Massively parallel processing (MPP) allows fast execution of the most complex queries operating on large amounts of data. Multiple compute nodes handle all query processing leading up to final result aggregation, with each core of each node executing the same compiled query segments on portions of the entire data.
- Amazon Redshift distributes the rows of a table to the compute nodes so that the data can be processed in parallel.
- By selecting an appropriate distribution key for each table, customers can optimize the distribution of data to balance the workload and minimize movement of data from node to node.
Columnar storage for database tables drastically reduces the overall disk I/O requirements and is an important factor in optimizing analytic query performance.
- Storing database table information in a columnar fashion reduces the number of disk I/O requests and reduces the amount of data you need to load from disk.
- Loading less data into memory enables Amazon Redshift to perform more in-memory processing when executing queries.
- When columns are sorted appropriately, the query processor is able to rapidly filter out a large subset of data blocks
The leader node distributes fully optimized compiled code across all of the nodes of a cluster.
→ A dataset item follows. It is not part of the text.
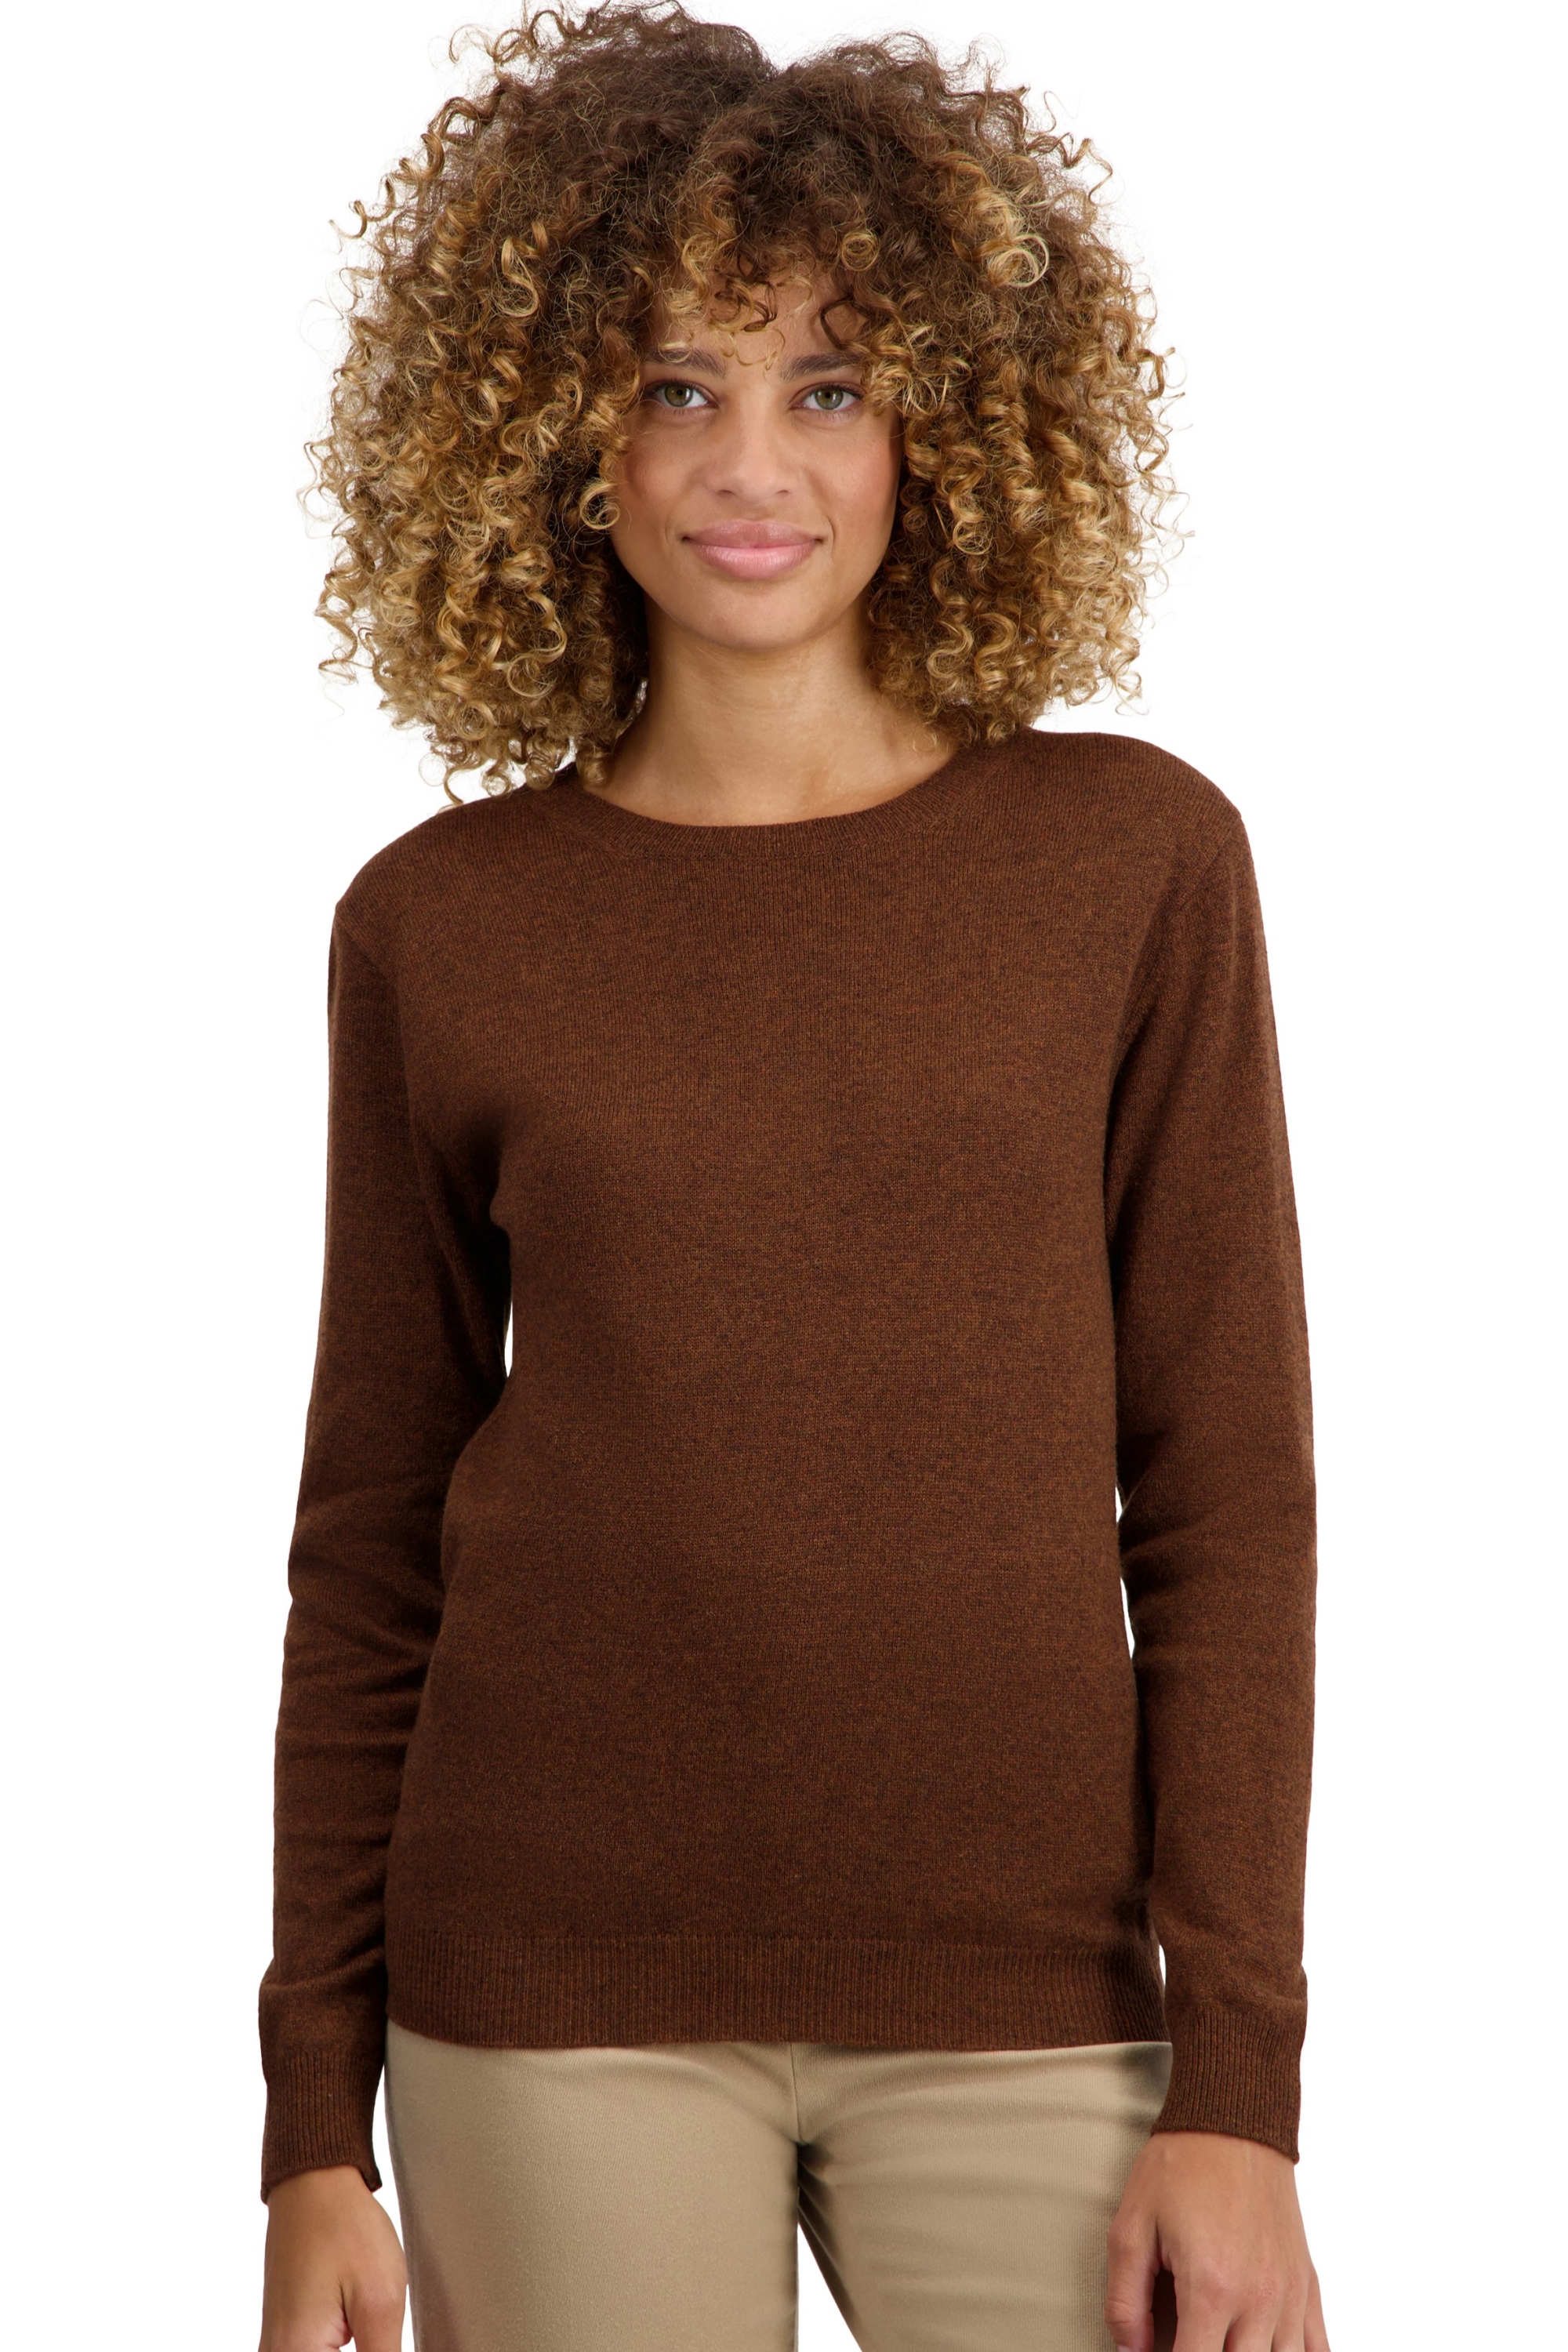 Cashmere ladies basic sweaters at low prices thalia first mace m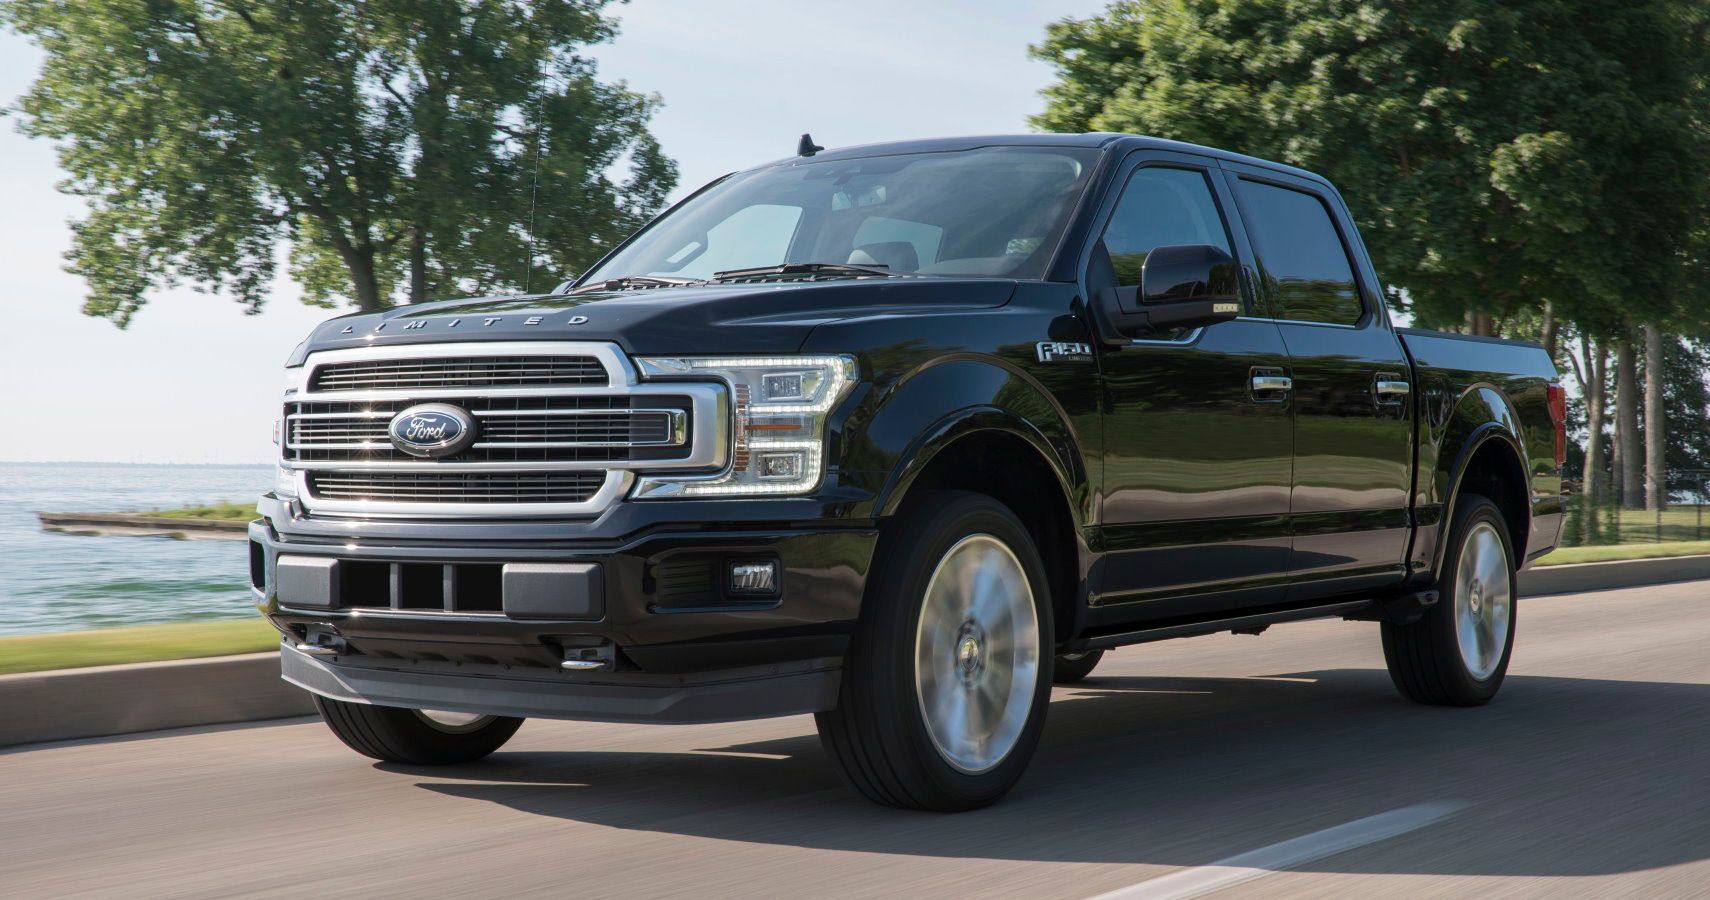 Thanks to the addition of a high-output 3.5-liter EcoBoost?? V6 engine, the 2019 Ford F-150 Limited is the most powerful light-duty pickup in America

Compiling the query eliminates the overhead associated with an interpreter and therefore increases the execution speed, especially for complex queries.
- The compiled code is cached and shared across sessions on the same cluster, so subsequent executions of the same query will be faster, often even with different parameters.
- The execution engine compiles different code for the JDBC connection protocol and for ODBC and psql(libq) connection protocols, so two clients using different protocols will each incur the first-time cost of compiling the code.
To reduce query execution time and improve system performance, Amazon Redshift caches the results of certain types of queries in memory on the leader node.
- When a user submits a query, Amazon Redshift checks the results cache for a valid, cached copy of the query results. If a match is found in the result cache, Amazon Redshift uses the cached results and doesn’t execute the query, and the result of caching is transparent to the user.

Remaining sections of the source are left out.